Would be better to separate the functional (+1) change from the variable name changes and divideNearest(). The latter is an NFC which is independent of and hides the former.

If the functional change goes first, it can e.g. simply do

+  uint64_t EstimatedBackedgeTakenCount;
  if (LatchBR->getSuccessor(0) == L->getHeader())
-    return (TrueVal + (FalseVal / 2)) / FalseVal;
+    EstimatedBackedgeTakenCount = (TrueVal + (FalseVal / 2)) / FalseVal;
  else
-    return (FalseVal + (TrueVal / 2)) / TrueVal;
+    EstimatedBackedgeTakenCount = (FalseVal + (TrueVal / 2)) / TrueVal;
+  return EstimatedBackedgeTakenCount + 1;

Can alternatively renamed original function to getEstimatedBackedgeTakenCount(), and introduced a new getLoopEstimatedTripCount() which returns the former plus one, if it's useful(?)

llvm/unittests/Transforms/Utils/CMakeLists.txt
18 ↗(On Diff #235561)

already there?

llvm/unittests/Transforms/Utils/LoopUtilsTest.cpp
1 ↗(On Diff #235561)

"This file was added." - this file already exists, right?
What is this trying to check on top of the above fixed lit tests?

Ayal added a comment.Dec 30 2019, 4:31 AM

Just pointing out for the record that this is extracted from D67905

ebrevnov updated this revision to Diff 235679.Dec 30 2019, 11:43 PM

Factor out NFC stuff + rebase

ebrevnov marked an inline comment as done.Jan 8 2020, 9:03 PM
Ayal added inline comments.Jan 9 2020, 12:49 AM
llvm/lib/Transforms/Utils/LoopUtils.cpp
726–727

If !LatchCycleWeight (if !BackedgeTakenWeight) it should return 1 instead of 0. I.e., should always be equal to "getEstimateBackedgeTakenCount()" plus 1.

If !LatchExitWeight, perhaps better return None instead of 0? This implies the loop was never entered when gathering the profile, or loop was entered once and never exited(?); in either case estimating the trip count to be zero seems wrong.

ebrevnov marked 2 inline comments as done.Jan 9 2020, 2:15 AM
ebrevnov added inline comments.
llvm/lib/Transforms/Utils/LoopUtils.cpp
726–727

Completely agree.

ebrevnov updated this revision to Diff 236990.Jan 9 2020, 2:21 AM
ebrevnov marked an inline comment as done.

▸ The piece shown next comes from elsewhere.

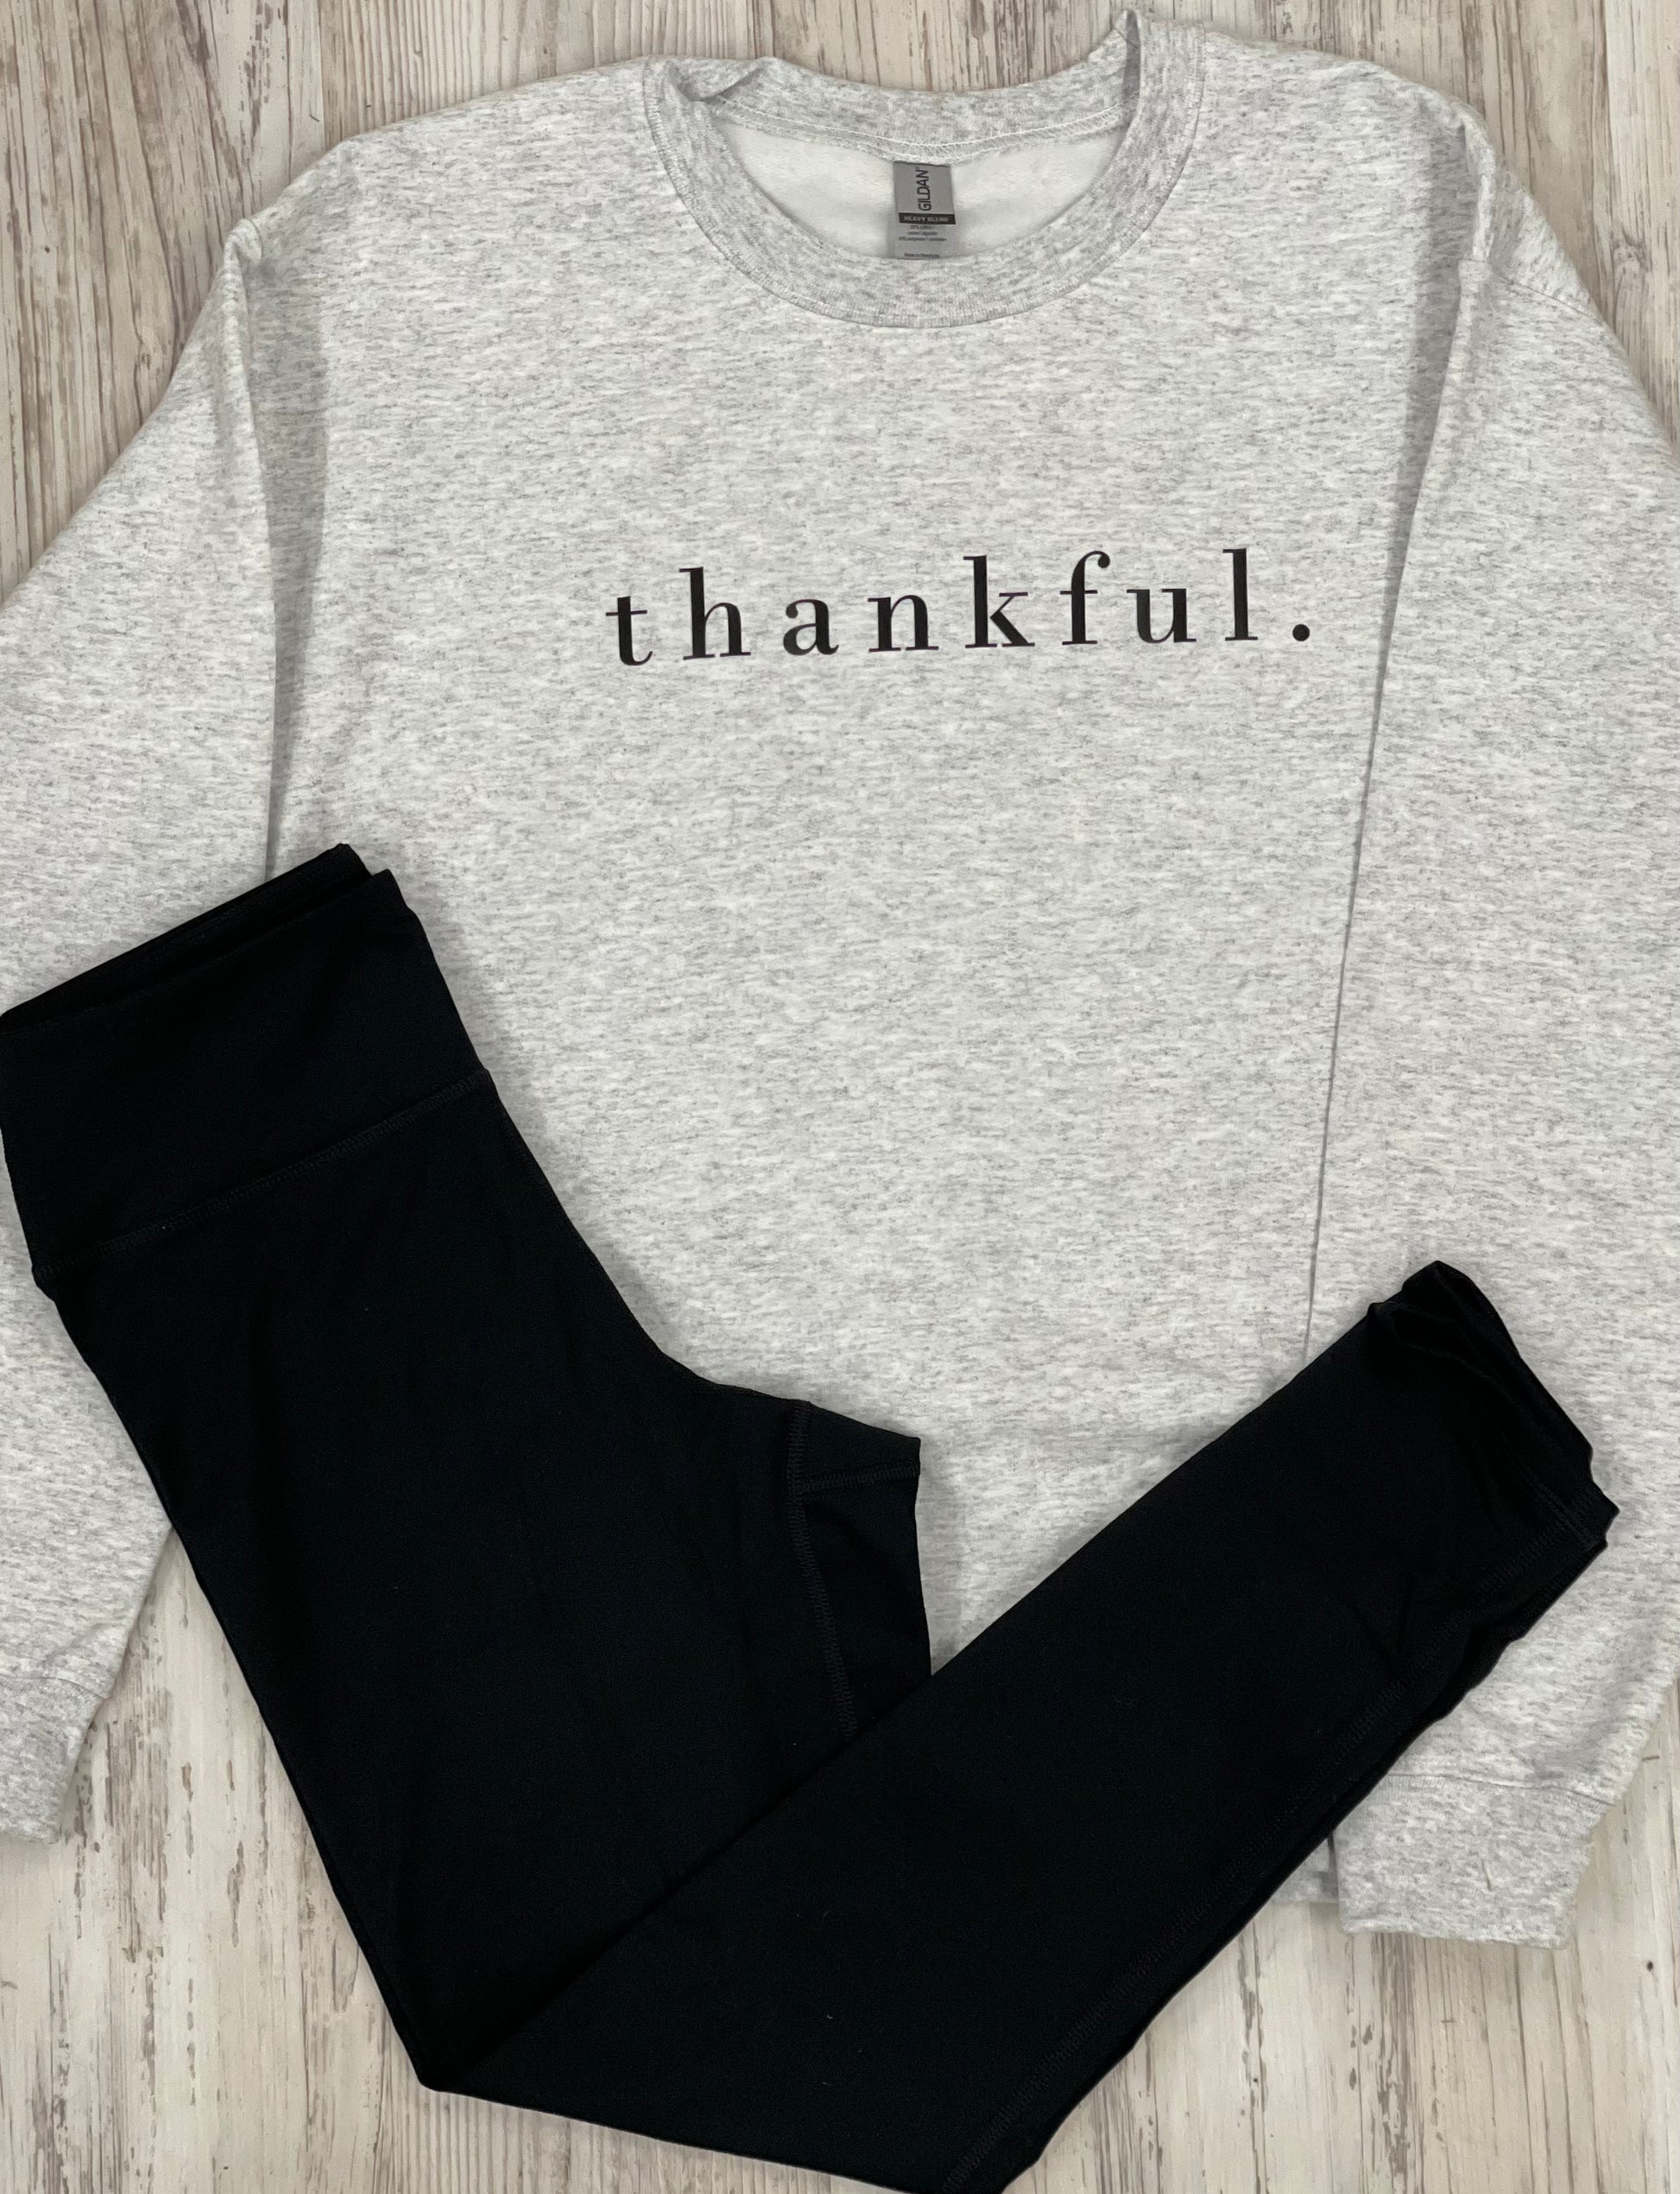 Thankful Sweatshirt - Gray - Southern Grace Creations

Fixed raised issue + Rebase.

Ayal added inline comments.Jan 15 2020, 3:05 PM
llvm/lib/Transforms/Utils/LoopUtils.cpp
731

Maybe clearer to emphasize the +1 effect, noting that Trip count is one plus the estimated backedge taken count, and doing

uint64_t BackedgeTakenCount = llvm::divideNearest(BackedgeTakenWeight, LatchExitWeight);
return BackedgeTakenCount + 1;

(cf. InnerLoopVectorizer::getOrCreateTripCount(Loop *L))

llvm/test/Transforms/LoopUnroll/peel-loop-conditions-pgo-1.ll
14

It is indeed confusing at first sight, to see that the total number of estimated trip count is 2+5, given branch_weights of 6 and 1 (and thus estimated backedge taken count of 6/1). Perhaps worth clarifying in the above comment about "remained iterations". Should -unroll-peel-max-count=7 be updated?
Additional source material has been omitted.